#### INPUT DATA ####

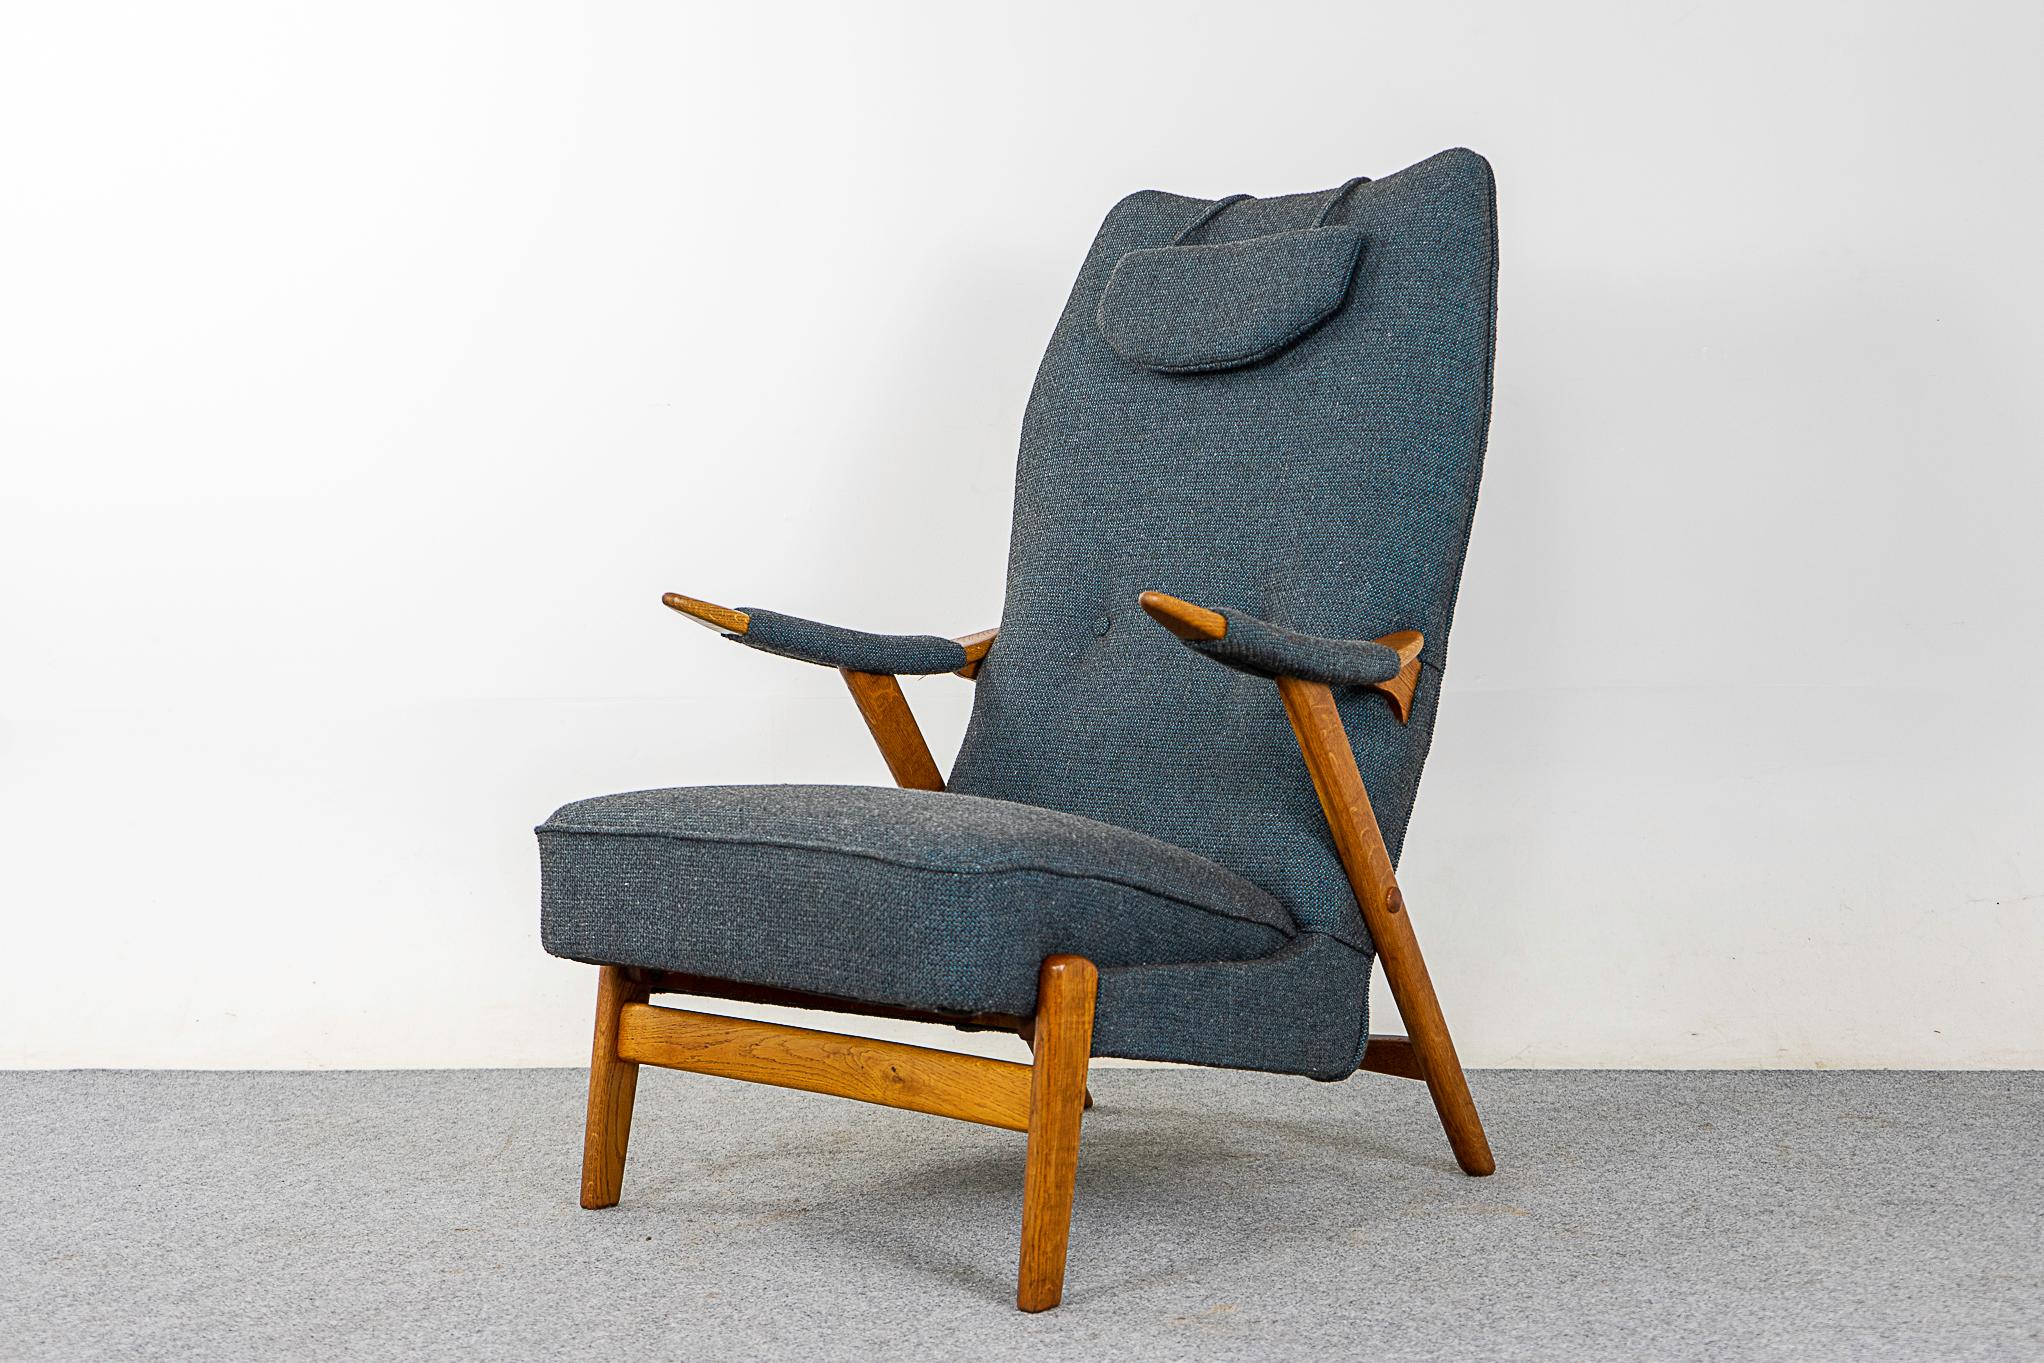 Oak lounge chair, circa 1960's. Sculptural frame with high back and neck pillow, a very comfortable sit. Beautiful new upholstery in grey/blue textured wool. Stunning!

####
#### INPUT DATA ####

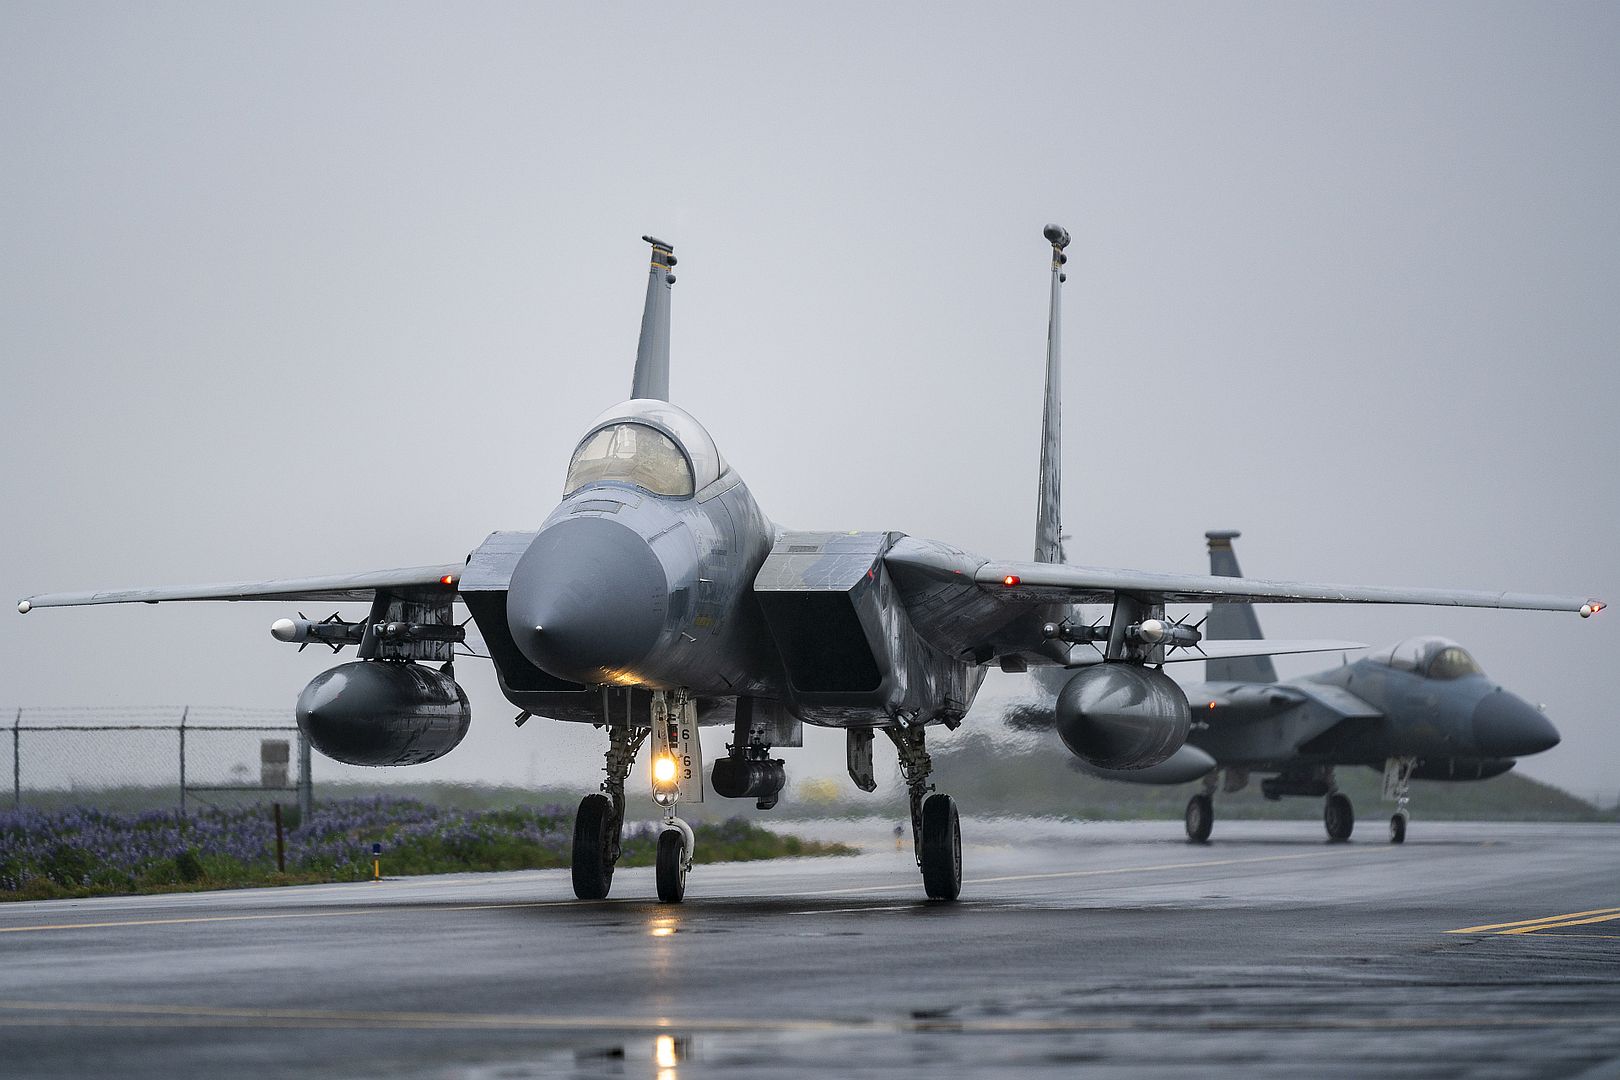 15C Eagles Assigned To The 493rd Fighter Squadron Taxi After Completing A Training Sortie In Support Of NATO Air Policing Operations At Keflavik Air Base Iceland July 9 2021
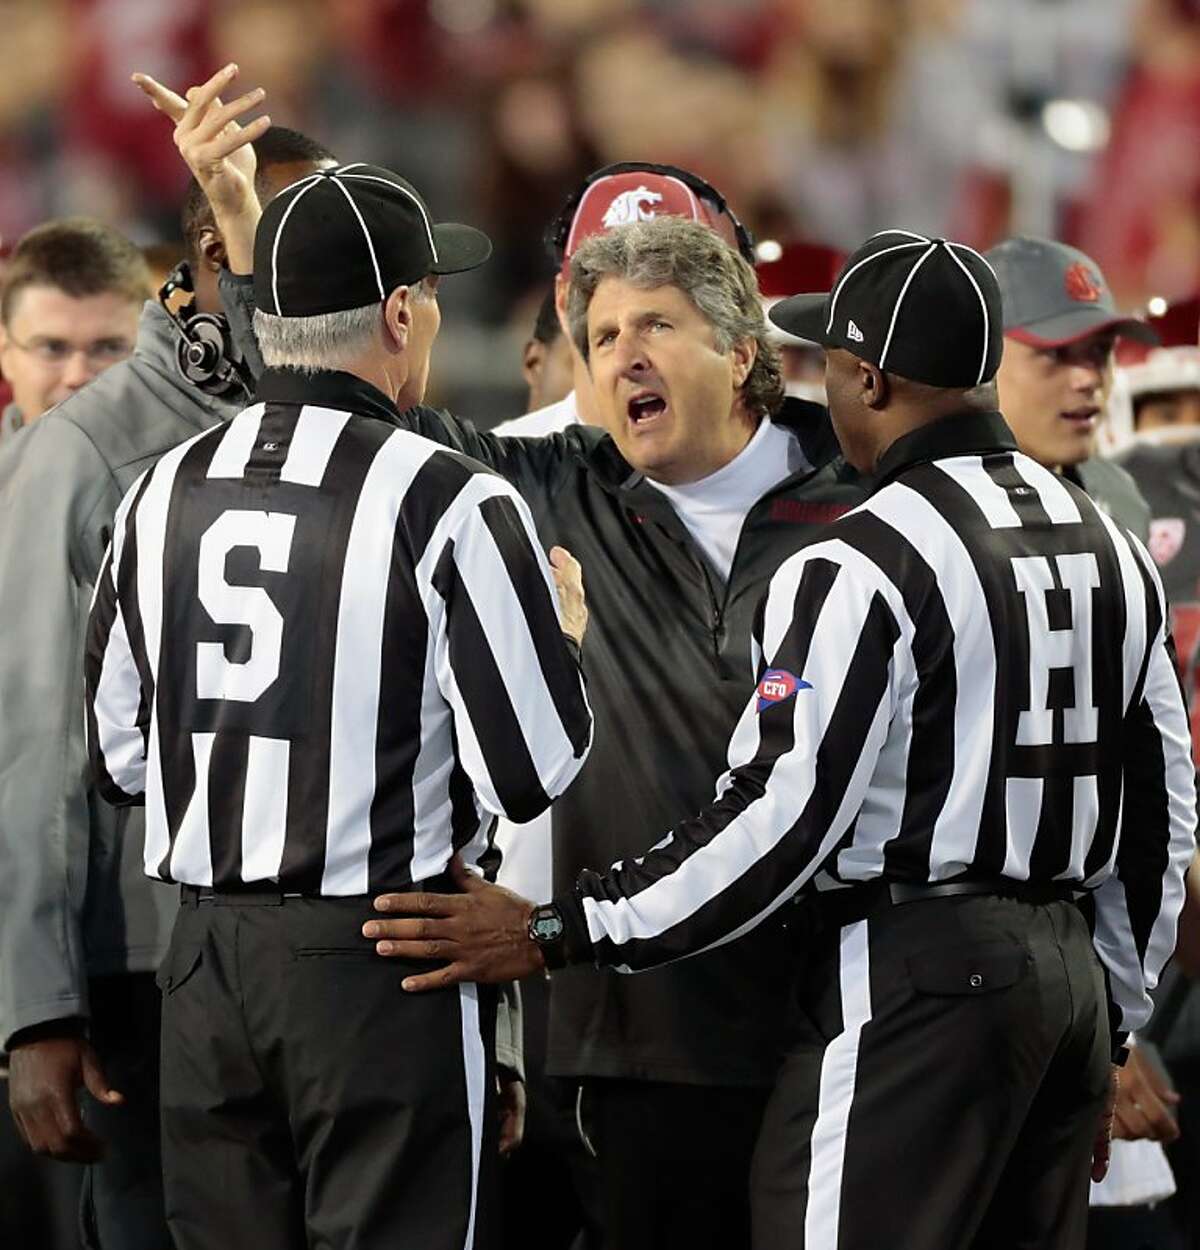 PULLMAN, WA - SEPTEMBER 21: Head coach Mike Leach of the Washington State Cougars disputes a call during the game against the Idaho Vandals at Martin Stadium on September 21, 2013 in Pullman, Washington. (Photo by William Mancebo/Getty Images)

####
#### INPUT DATA ####

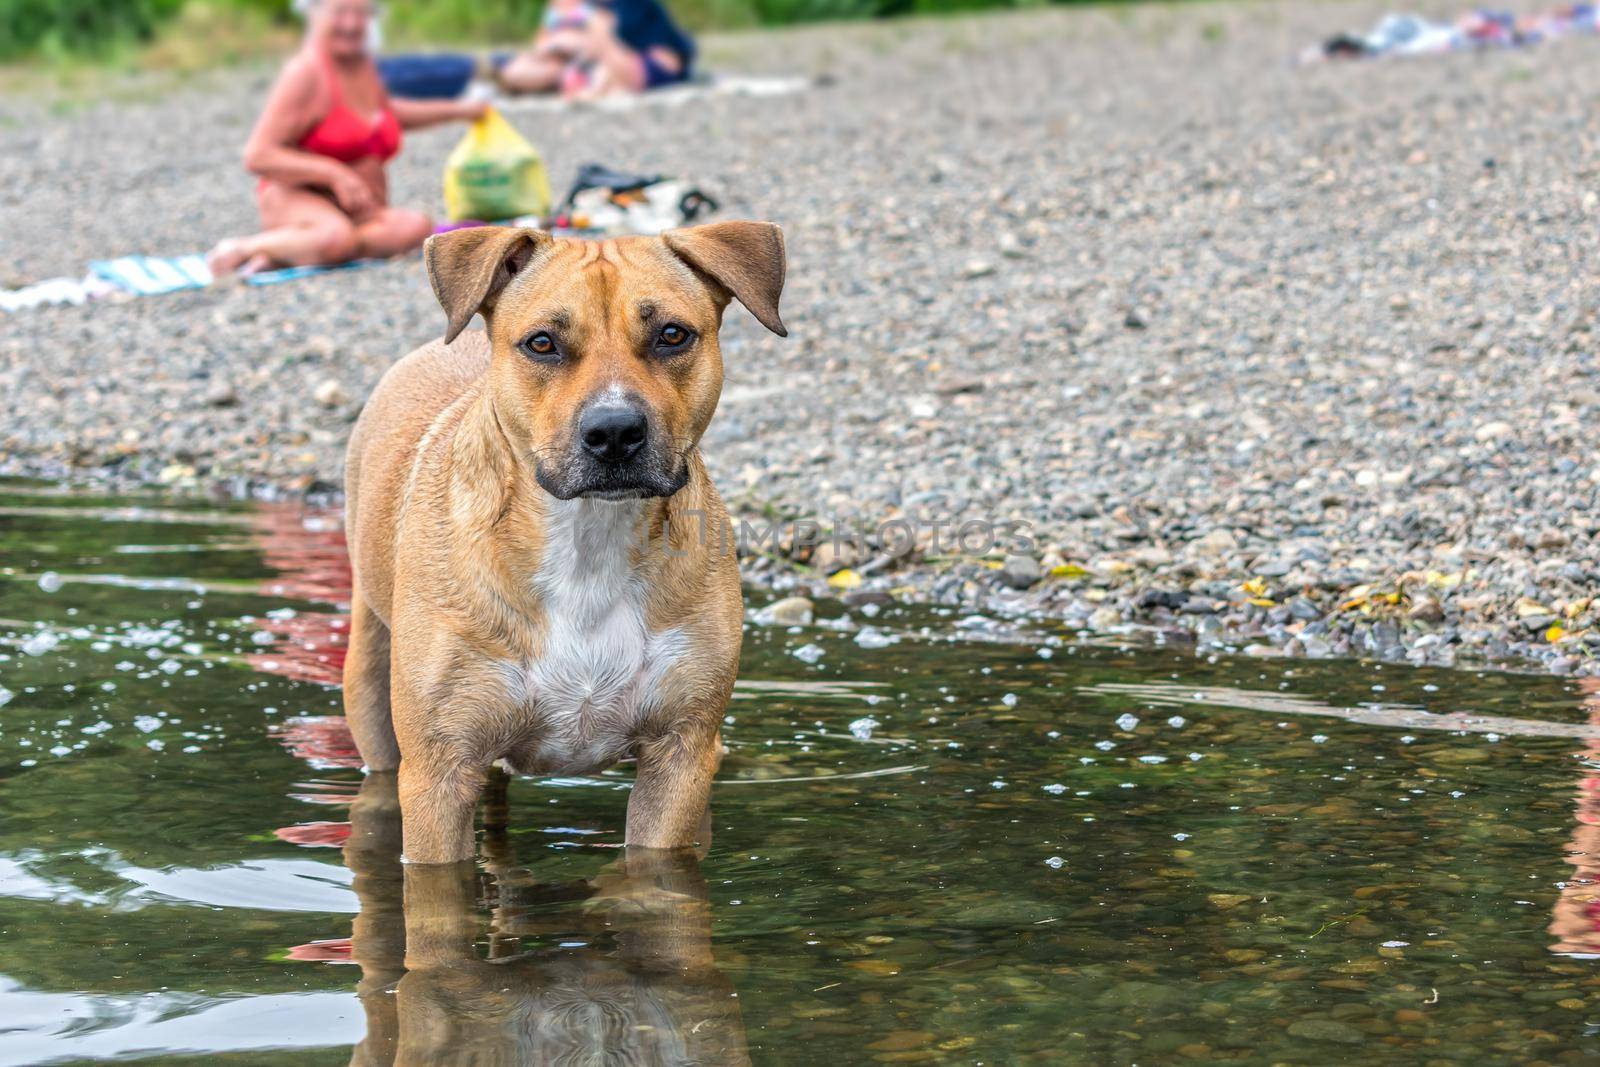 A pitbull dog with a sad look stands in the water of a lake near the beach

####

--- WHAT YOU HAVE TO DO ---
Return only the stretch above from the line containing "15C Eagles Assigned" through the line containing "PULLMAN, WA - SEPTEMBER", word for word and without pictures.

--- OUTPUT BELOW ---
 15C Eagles Assigned To The 493rd Fighter Squadron Taxi After Completing A Training Sortie In Support Of NATO Air Policing Operations At Keflavik Air Base Iceland July 9 2021
 PULLMAN, WA - SEPTEMBER 21: Head coach Mike Leach of the Washington State Cougars disputes a call during the game against the Idaho Vandals at Martin Stadium on September 21, 2013 in Pullman, Washington. (Photo by William Mancebo/Getty Images)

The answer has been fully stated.